**Instructions to follow:**
Leaving the pictures aside, transcribe every line below exactly.

**Material provided:**
※

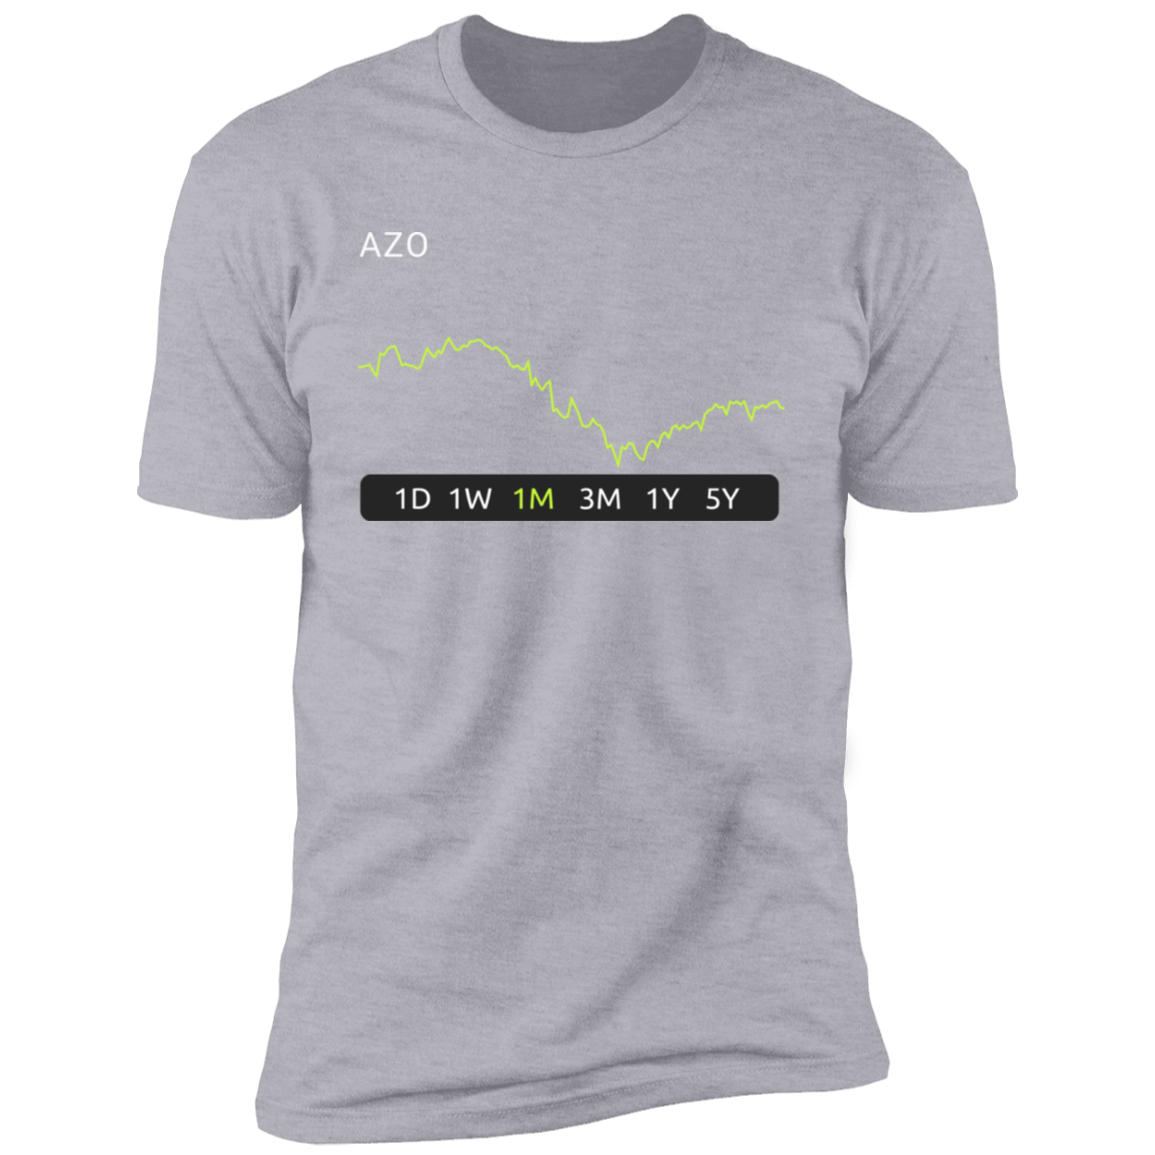 AZO Stock 1m Premium T-Shirt
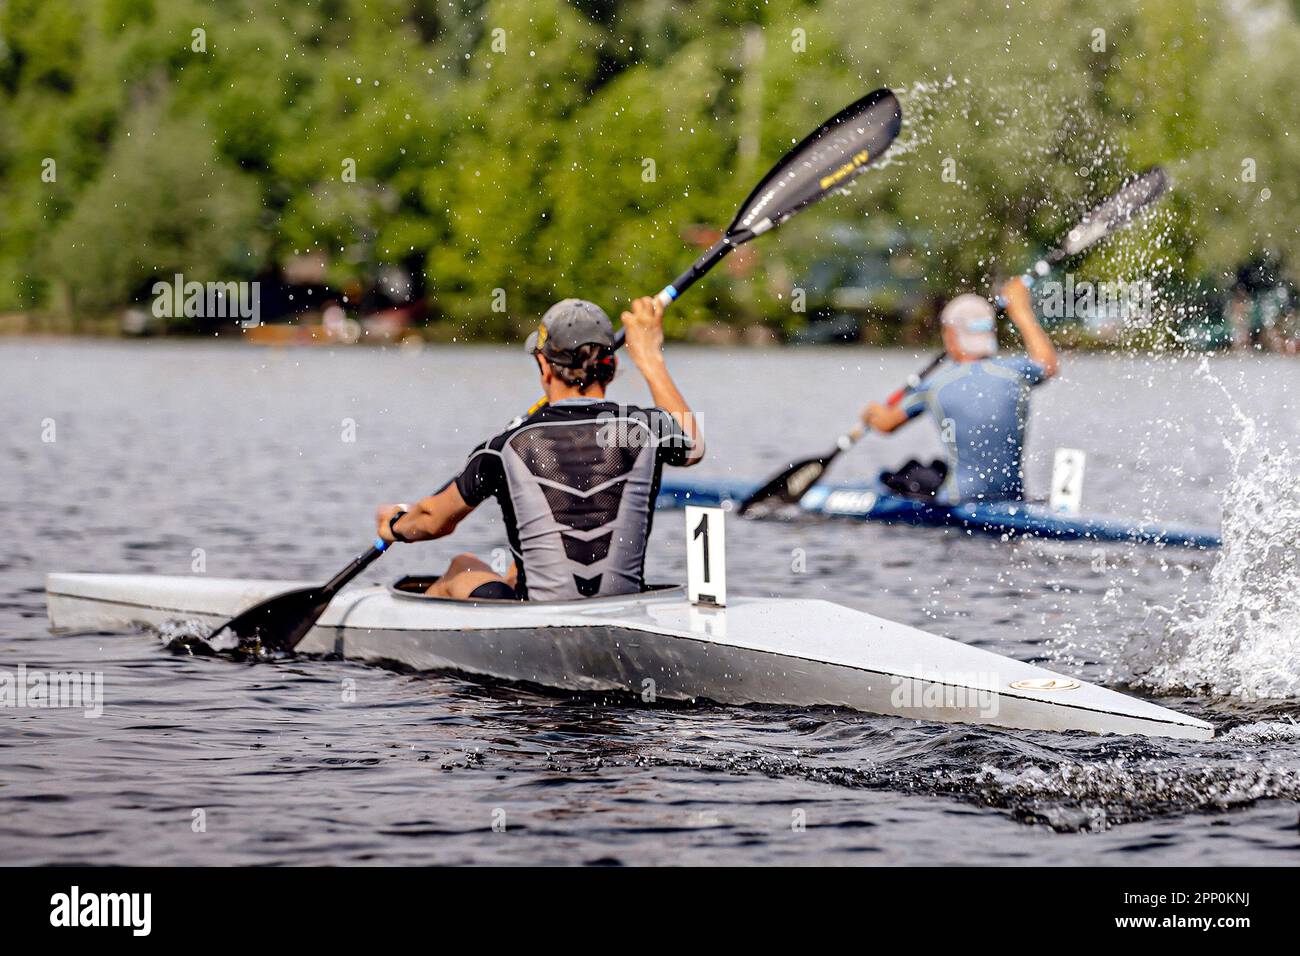 two male athlete kayaker on kayak single rowing kayaking championship race, sports summer games Stock Photo
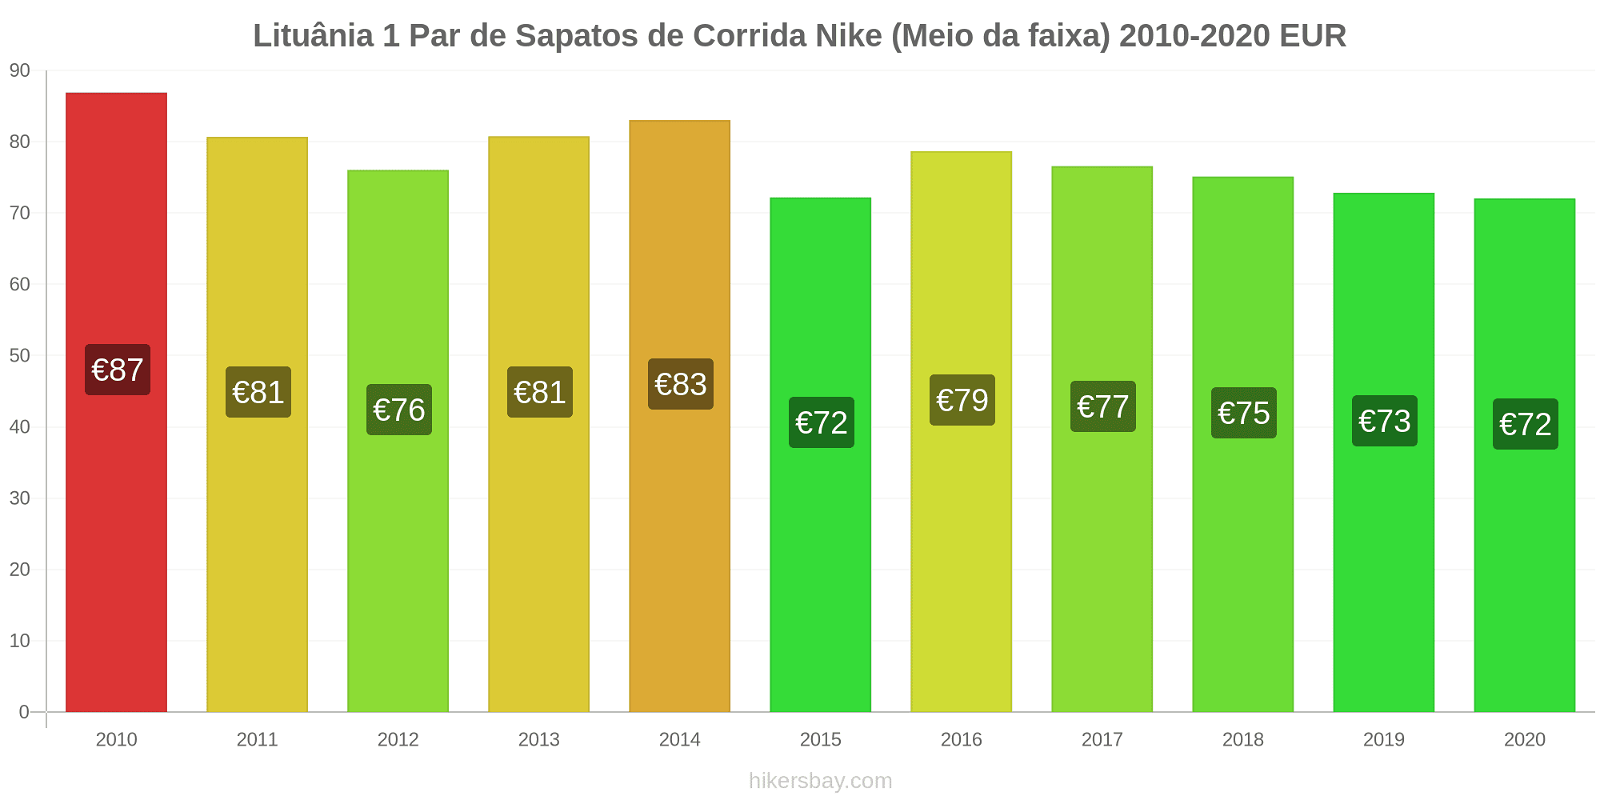 Lituânia variação de preço 1 par de tênis Nike (mid-range) hikersbay.com

※

**Written answer:**
 AZO Stock 1m Premium T-Shirt
 two male athlete kayaker on kayak single rowing kayaking championship race, sports summer games Stock Photo
 Lituânia variação de preço 1 par de tênis Nike (mid-range) hikersbay.com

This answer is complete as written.